Background information
- Born: Angelica Cristina Gori 24 July 2001 (age 24) Bergamo, Lombardy, Italy
- Genres: Pop; funk; indie pop; indie rock; pop-rock; pop-punk;
- Occupations: Singer; songwriter;
- Instruments: Vocals; guitar;
- Years active: 2020–present
- Labels: Uma Records; Nigiri; Columbia; Sony Music;

= Chiamamifaro =

Italian singer-songwriter (born 2001)

Angelica Cristina Gori (born 24 July 2001), known professionally as Chiamamifaro, is an Italian singer-songwriter.

== Early life and education ==
Born and raised in Bergamo together with her sister Benedetta and her brother Alessandro, she is the third child of the television presenter Cristina Parodi and the journalist and politician (as well as mayor of Bergamo from 2014 to 2024) Giorgio Gori; her uncles are the journalist Roberto Parodi, her mother's brother, the television presenter Benedetta Parodi, her mother's sister, and the sports commentator Fabio Caressa, Benedetta's husband.

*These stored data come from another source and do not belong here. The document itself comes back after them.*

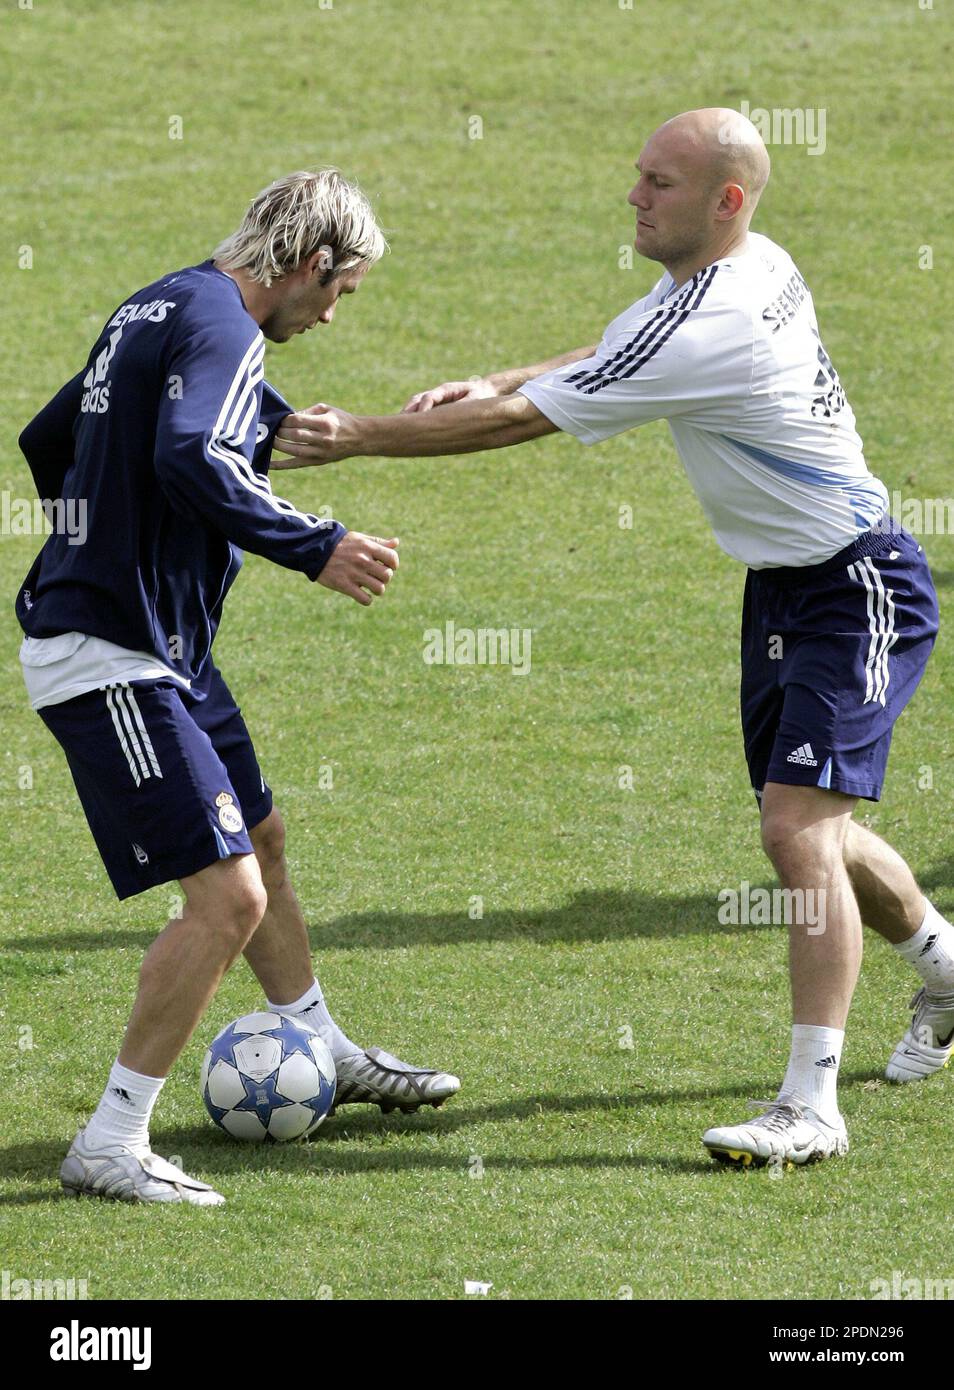 England's Real Madrid player David Beckham, left, duels for the ball with  his teammate Thomas Gravesen from Denmark during their training at the Las  Rozas training complex on the outskirts of Madrid,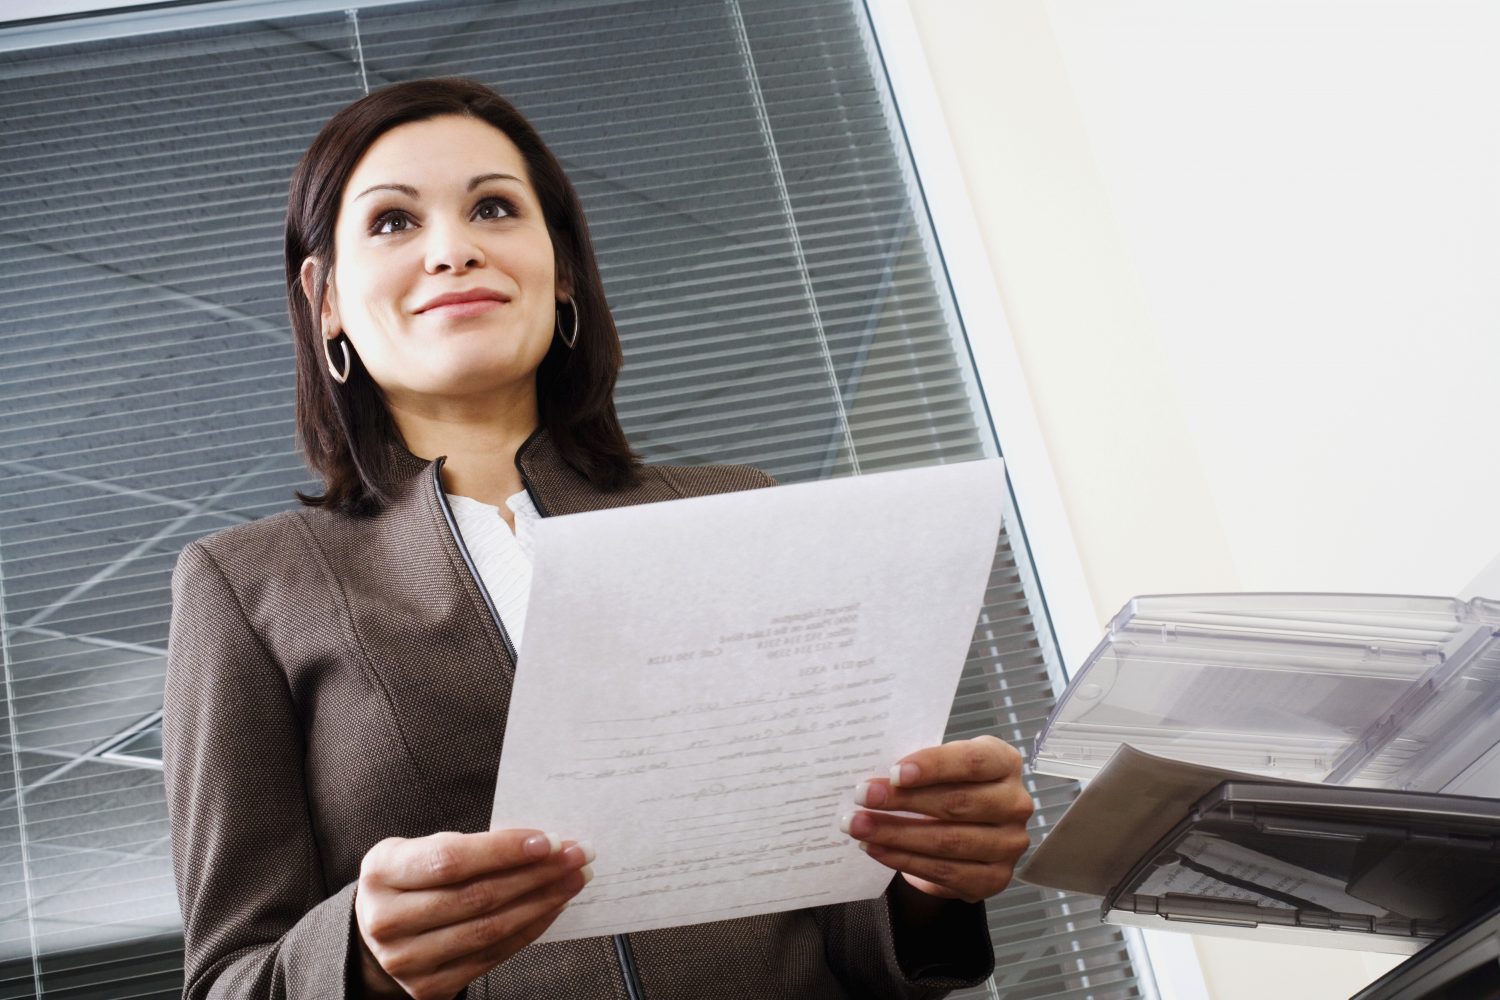 Updating your resume to get the job you want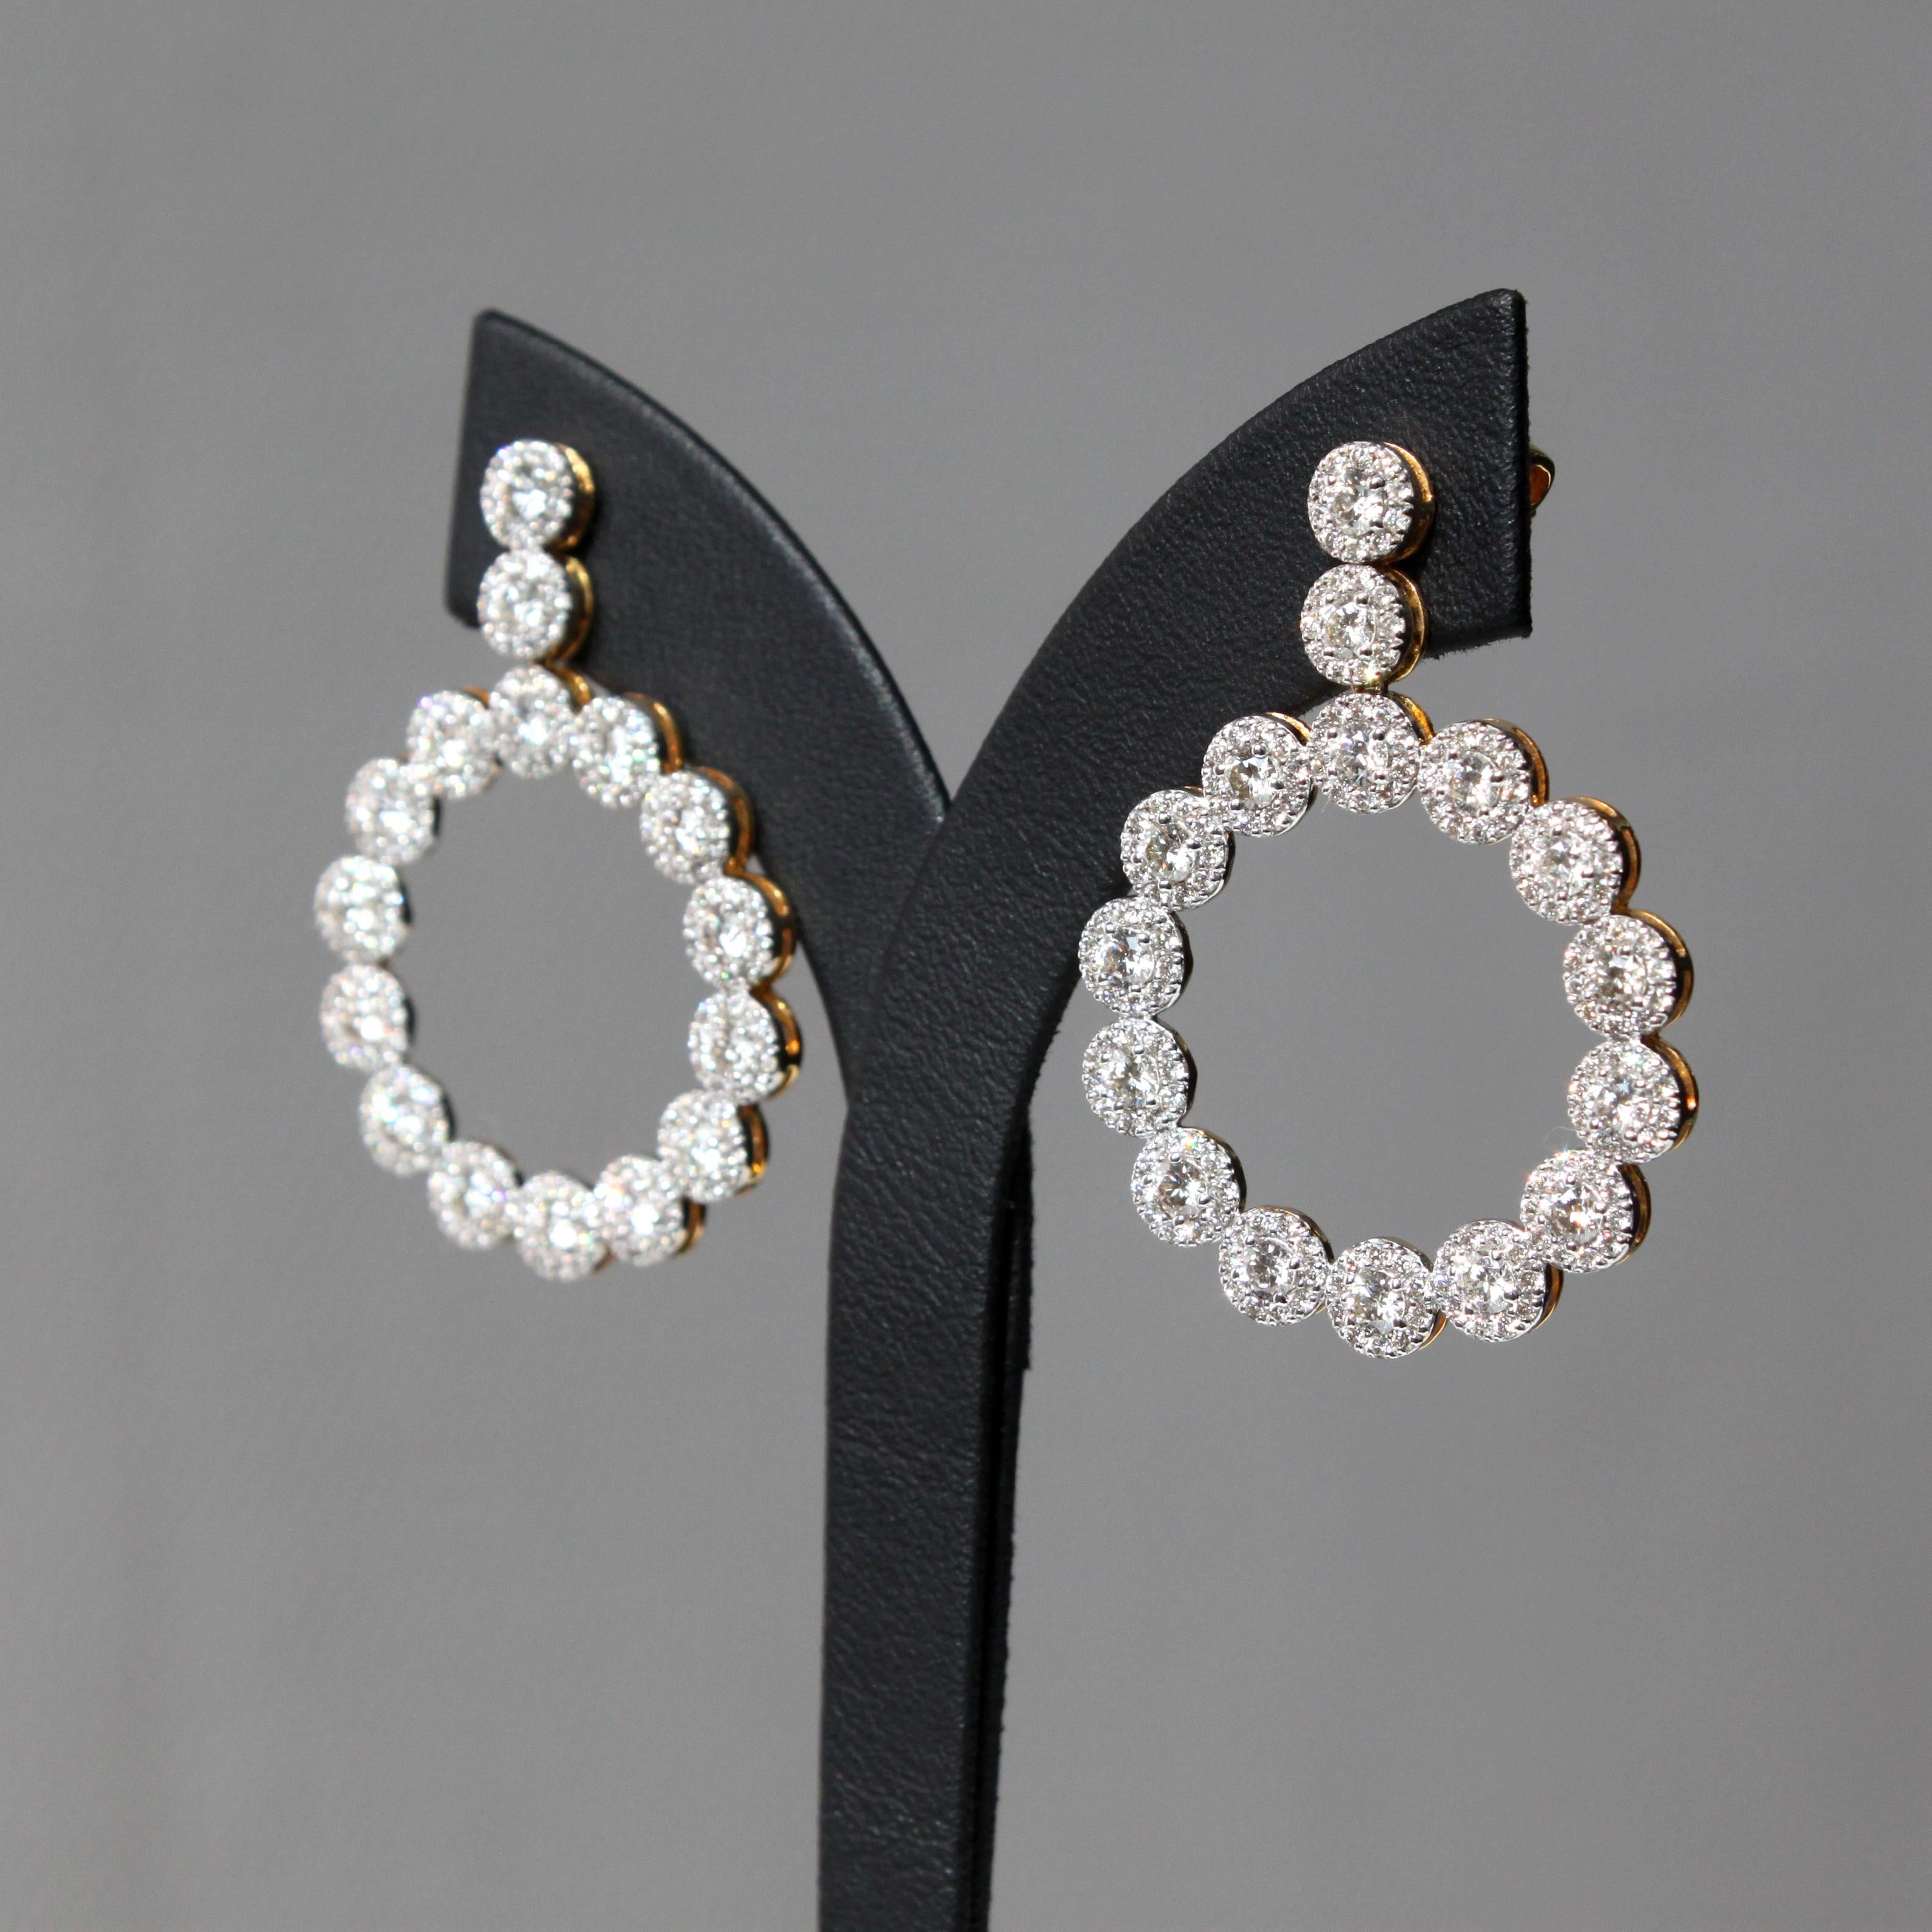 Modernist Cluster Diamond Earring in 14K gold - a dangling classic delight  For Sale

She graduated from high school in her hometown, although she also spent two years at a high school near Bristol, where she developed an interest in British indie rock. She then studied at the CPM Music Institute in Milan, where she took an academic course in pop-rock singing and graduated with a thesis entitled "Leap into the Void – Stage Fright and the Fears of Singing". She chose the pseudonym "Chiamamifaro" because she used to play guitar near a lighthouse, not far from where she spent her holidays as a teenager and considers it a safe place.

== Career ==
=== 2020–2022: Macchie e Post nostalgia ===
In 2020, he made his recording debut with the release of his first official single, "Pasta rossa", followed by the single "Domenica", co-written with Riccardo Zanotti, frontman of Pinguini Tattici Nucleari. The single "Londra" was released on 29 January 2021, followed by the single "Bistrot" on 30 April. On 11 June he released his first EP, Macchie, which includes the four previously unreleased tracks mentioned above, along with the single "Limiti", released from the album on 17 June.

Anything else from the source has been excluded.